The experience of art lends an useful comparison. The great art historian Ernst Gombrich, born in Vienna and knighted by the British, explains in his Art and Illusion the interesting concept of “making and matching.” Which comes first? The artist knows they begin with an idea. Borrowing the ideas of Neo-Platonism, Michelangelo claimed he began with the perfection of l’idea in his mind. The process of creation was a struggle to embody this absolute essence with truth to reality. He never found to his satisfaction a reconciliation of the idea of beauty he had in his mind with reality. Note the distortions of body proportions and age in his Pietà for expressive purposes.
If we take the example of knowledge specialist, they rely upon formulae but also realize the necessity of exercising the best of their judgment to empirical fact. That latter factor is the indeterminate, which must be evaluated by various operations of objective problem solving. In the face of the invariable conditions of a given situation, they must reconcile such unknowns with their cognitive schemas or revise them. Arguably, while artists draw upon reality, they continually go back to an expressive idea as the first principle.
Unlike the knowledge specialist, the ideas of an artist are inconsequential to life. Artists can dwell in ideals. Gombrich reminds us Plato objected to the increasing trend of realism in ancient Greek art. He found the appearances of things would always be misleading. This is the world of illusions where the eye is only deceived and our perceptions at best caught in a world of mirrors. Plato feared the world of the senses.
Without exaggeration the same may be said of knowledge specialists even while reality is the object of speculation to master. But what are these illusions that are the culprit of our false perceptions? Possibly Plato meant the limitations of the human mind bring us the farthest distance from the object of our perceptions. Those pitfalls of knowledge construction are the way our expectations and biases interfere with the objective construction of knowledge. We are constantly on the pursuit to match the data of experiential intake with those mental structures we are naturally inclined to form to create what Gombrich called his book, The Sense of Order.
Interestingly enough, the best lessons of circumventing the failures of sensory intake, absorption, analysis and interpretation may be learned from our earliest ancestors homo sapiens sapiens, the masters of the renowned cave paintings in Spain and France. In their experience of the wild they depicted on the walls of the caves, they apprehended them firstly through fear. This emotion lent the animals a force of strength both fierce and awesome.
Prehistoric humans’ awesome regard of creatures they depended upon and to which they also felt inferior invested their interest in the vicissitudes of sense experience. Their pursuit of mastery stems from rigorous analysis of every detail of the anatomy of wildlife, how their bodies looked in motion, and migration and mating cycles. Early humans saw the animals they worshipped flicker and move magically across the walls by candlelight like ephemera. Their world was unstable. Strangely enough, our experience of the world is no different today.

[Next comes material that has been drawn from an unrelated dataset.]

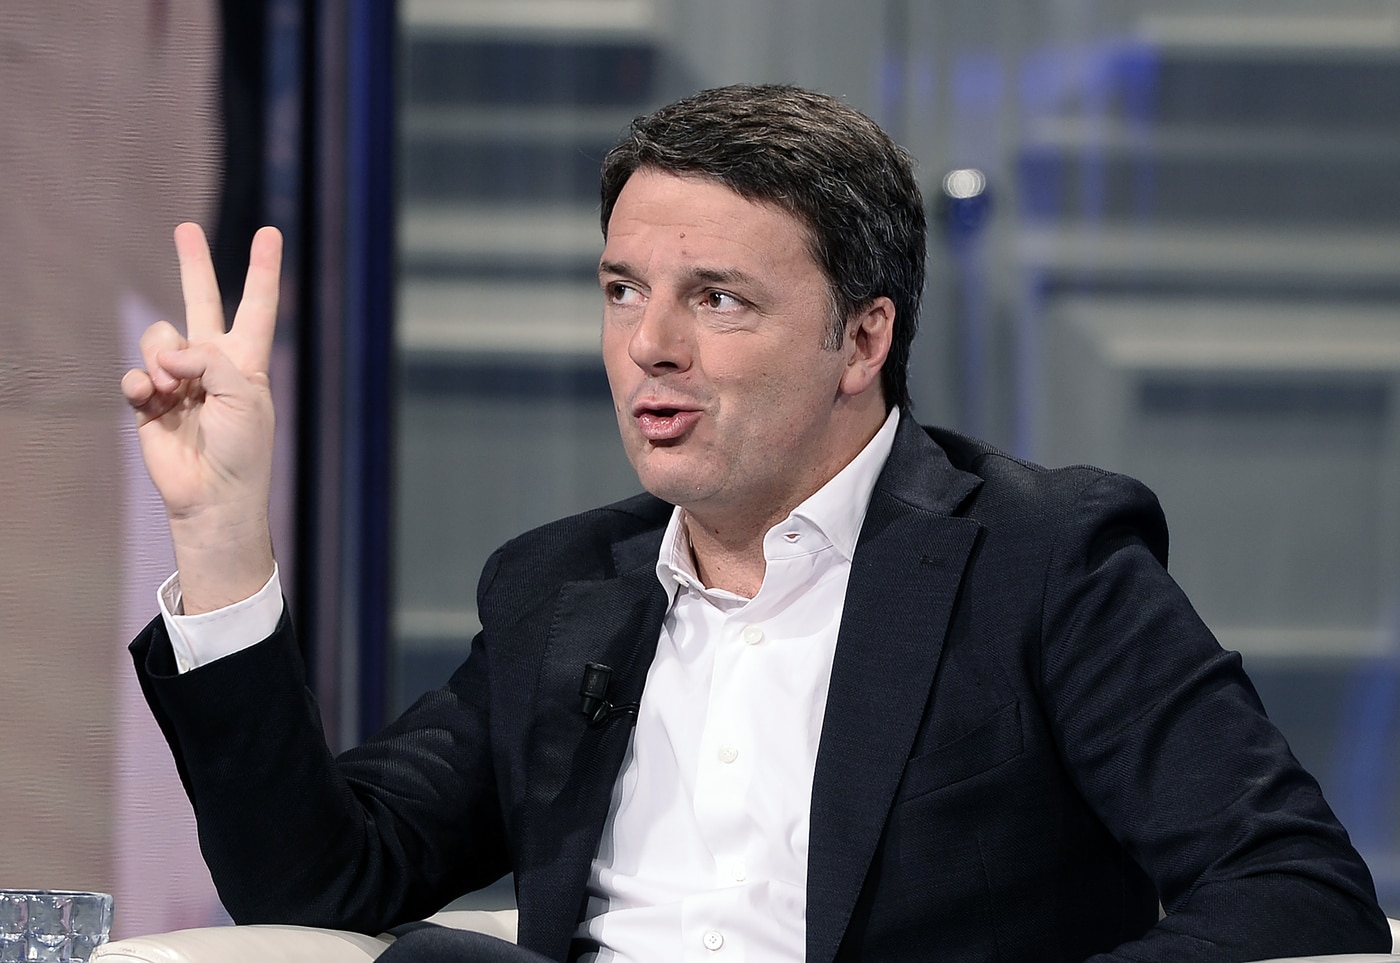 Ennesima giravolta di Renzi <br> Italia Viva vota sì al processo a Salvini <br> Il leader della Lega commenta: “Venditore di tappetti” <br> Grazie alla sua incoerenza il fiorentino corre verso l’0% dei consensi

By their wits alone, homo sapiens sapiens circumvented the natural pitfalls of the mind and relied upon the objectifying functions of sense perception to master their subjective reality. They opened up potentialities of experience by exercising a thoroughgoing and meticulous analysis of empirical data as if every piece of sensory experience were a question to be deciphered. Seemingly inferior to us, the genius of our ancestors actually demonstrates modern human intelligence’s ability to cross-validate what beliefs we hold to be true by experiential and tacit awareness. Even if we are not dealing with tangible things we see, we can better problem solve by learning different ways of looking. We can learn how to outsmart the fear they had not so unlike our own.